LiSD: An Efficient Multi-Task Learning Framework for LiDAR Segmentation and Detection

TL;DR

This work addresses the unified perception problem of lidar-based semantic segmentation and 3D object detection by introducing LiSD, a memory-efficient voxel-based framework. It combines three novel components—HIAM to assimilate global context without densifying sparse data, HFCM to fuse multi-scale features for robust voxel representations, and IARM to refine foreground-point features using instance proposals—within a single forward pass and an uncertainty-weighted multi-task loss. Empirical results on nuScenes and Waymo Open Dataset show LiSD achieving state-of-the-art lidar segmentation on nuScenes (83.3% mIoU) and competitive detection performance, with ablations confirming the contribution of each module. The approach demonstrates the viability and practicality of efficient cross-task learning for autonomous driving perception, offering improved accuracy while preserving sparsity and reducing computation compared to more heavy cross-task transformers.

Abstract

With the rapid proliferation of autonomous driving, there has been a heightened focus on the research of lidar-based 3D semantic segmentation and object detection methodologies, aiming to ensure the safety of traffic participants. In recent decades, learning-based approaches have emerged, demonstrating remarkable performance gains in comparison to conventional algorithms. However, the segmentation and detection tasks have traditionally been examined in isolation to achieve the best precision. To this end, we propose an efficient multi-task learning framework named LiSD which can address both segmentation and detection tasks, aiming to optimize the overall performance. Our proposed LiSD is a voxel-based encoder-decoder framework that contains a hierarchical feature collaboration module and a holistic information aggregation module. Different integration methods are adopted to keep sparsity in segmentation while densifying features for query initialization in detection. Besides, cross-task information is utilized in an instance-aware refinement module to obtain more accurate predictions. Experimental results on the nuScenes dataset and Waymo Open Dataset demonstrate the effectiveness of our proposed model. It is worth noting that LiSD achieves the state-of-the-art performance of 83.3% mIoU on the nuScenes segmentation benchmark for lidar-only methods.
Paper Structure (13 sections, 7 equations, 4 figures, 4 tables)

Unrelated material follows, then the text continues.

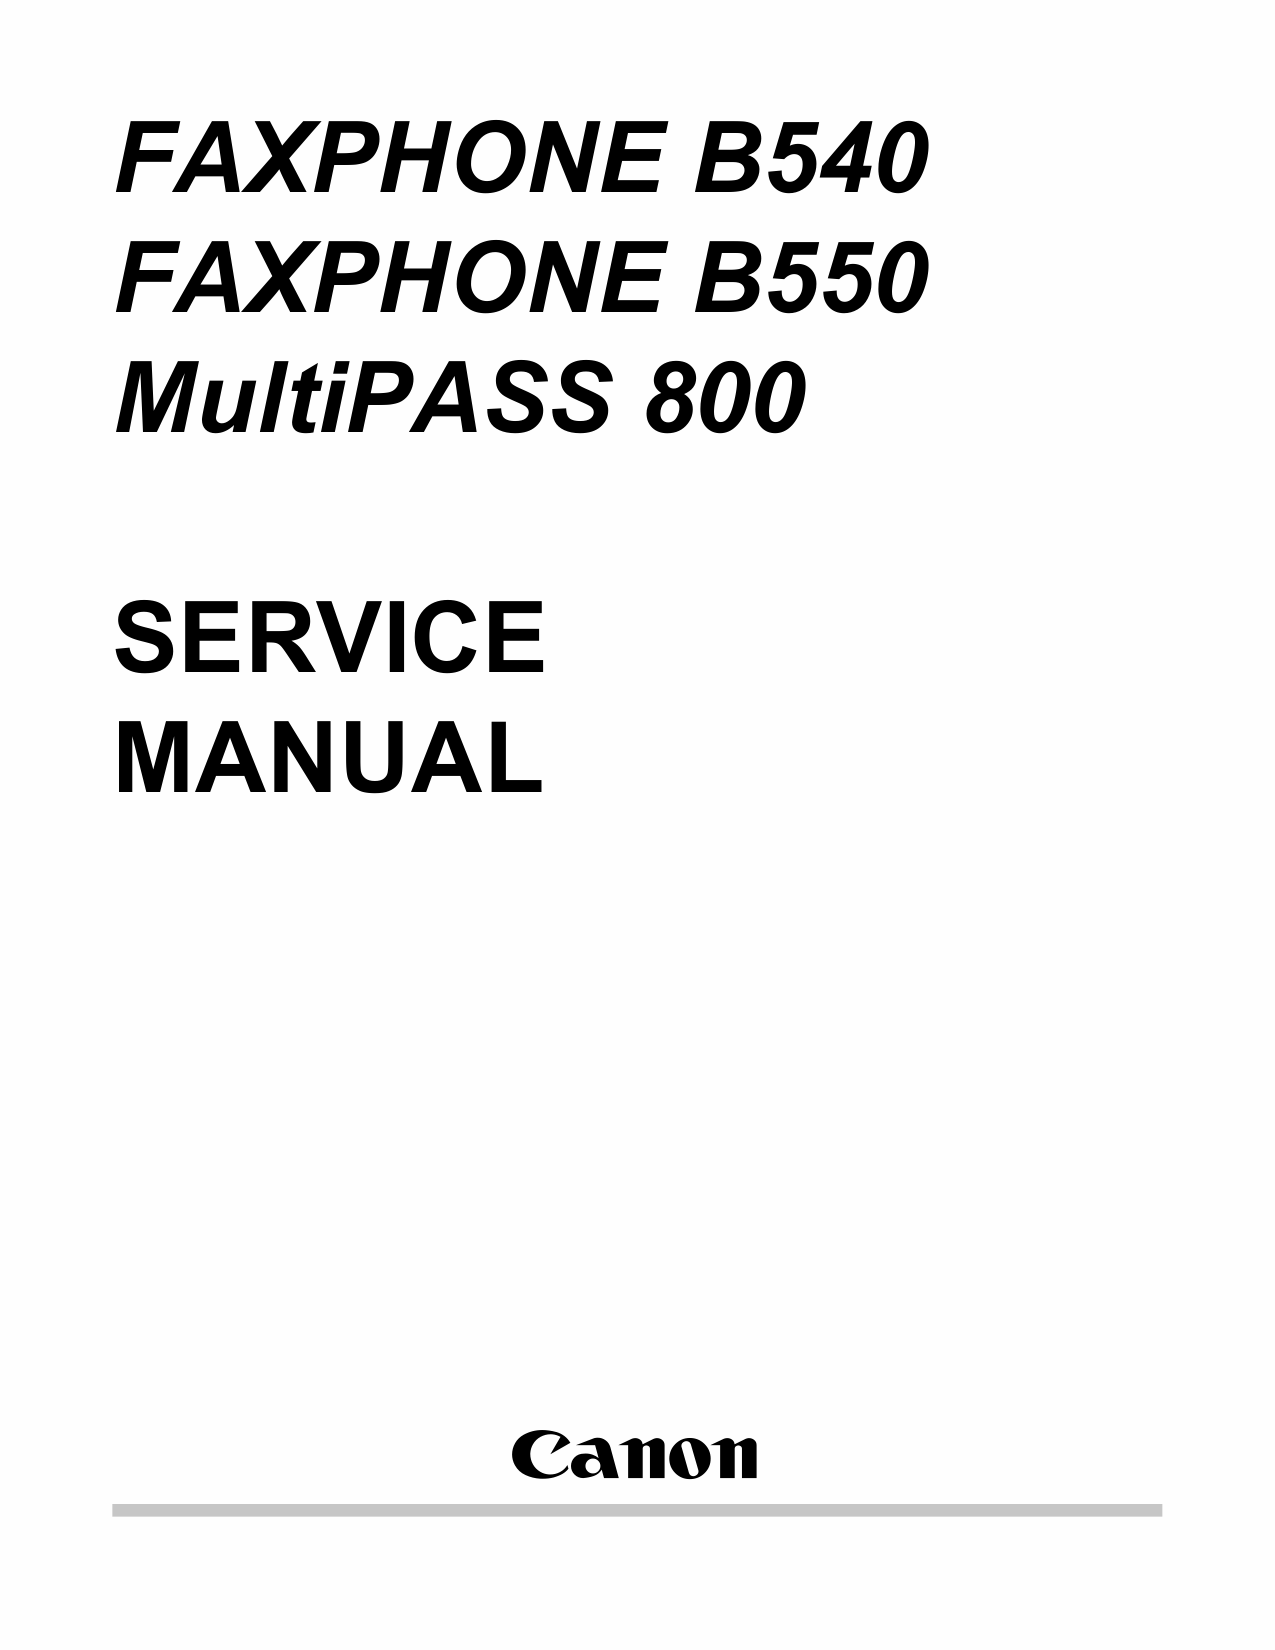 Canon FAX FP-B540 B550 MultiPass-800 Parts and Service Manual-1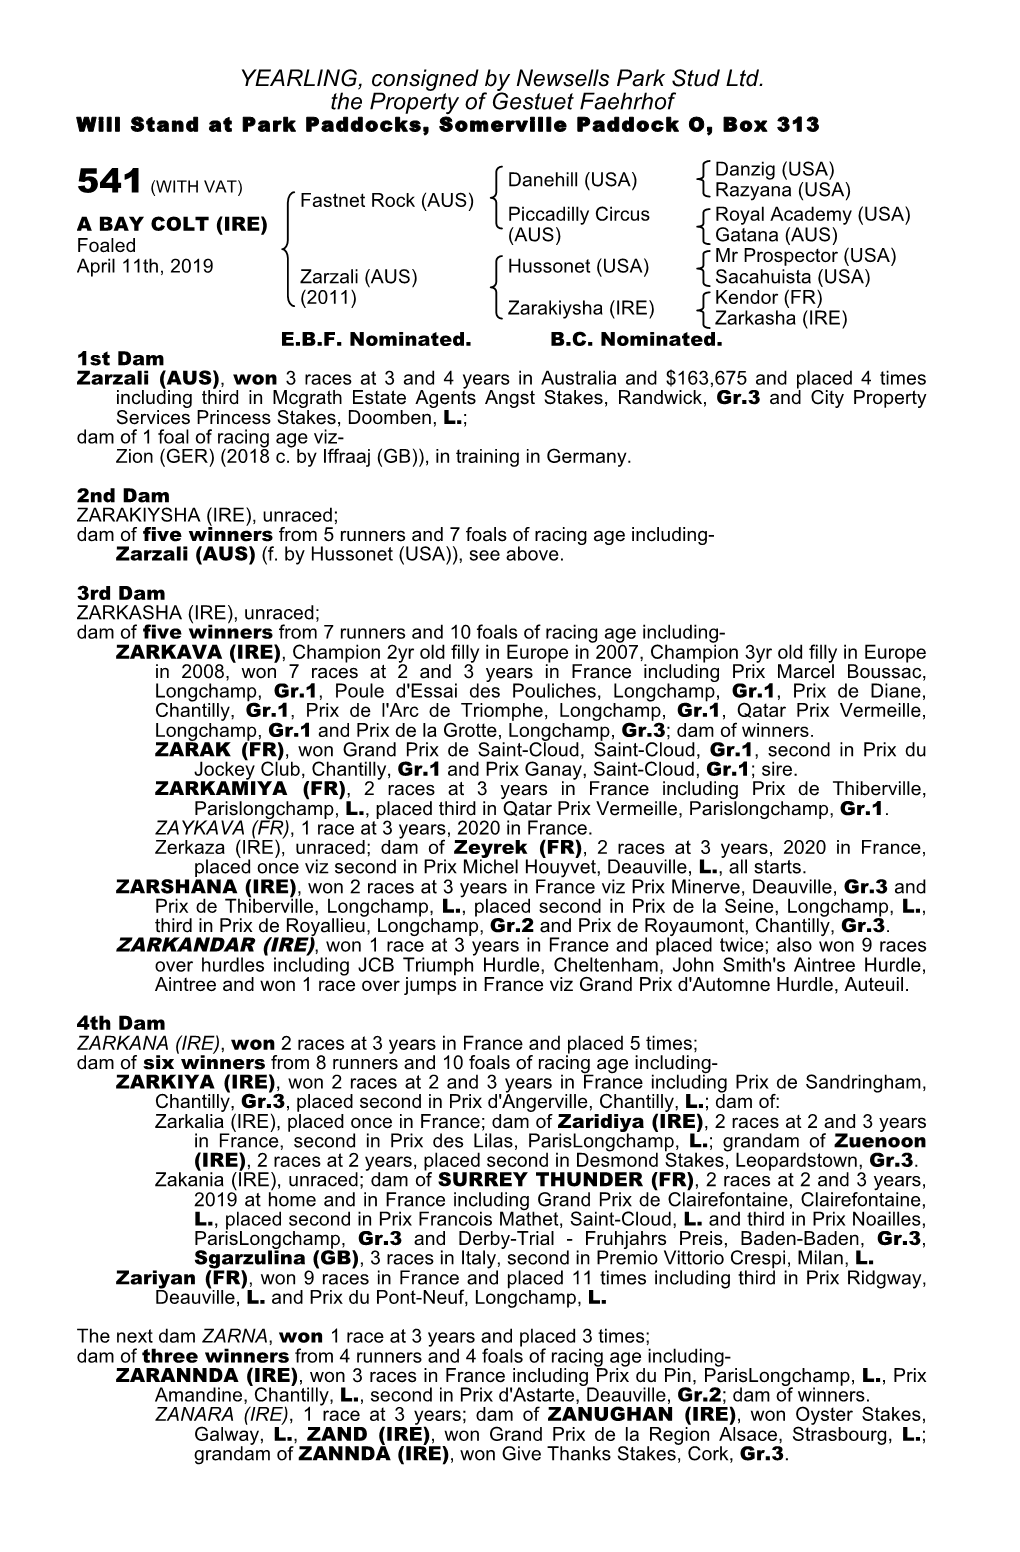 YEARLING, Consigned by Newsells Park Stud Ltd. the Property of Gestuet Faehrhof Will Stand at Park Paddocks, Somerville Paddock O, Box 313

This paper contains 13 sections, 7 equations, 4 figures, 4 tables.

Figures (4)

  • Figure 1: The proposed LiSD model adopts point cloud data as its input and simultaneously produces semantic segmentation and object detection results.
  • Figure 2: The architecture of our proposed LiSD is outlined, where the point cloud serves as input for both segmentation and detection tasks. HIAM and HFCM are adopted in the voxel-based encoder-decoder to integrate holistic and hierarchical information for both tasks. Additionally, IARM is introduced to directly refine the point-level feature representation and indirectly exert influence on the box regression.
  • Figure 3: The detailed structure of the proposed HIAM. Additional down-samplings are adopted to acquire holistic information. Subsequently, feature interpolation is employed to aggregate the information for the voxel-based decoder preceding the segmentation head, while coordinates transformation is utilized to integrate the information for the detection head.
  • Figure 4: Semantic segmentation results on the nuScenes dataset. (a) Predicted results of LiSD without IARM, (b) Predicted results of LiSD with IARM, (c) Ground-truth segmentation labels.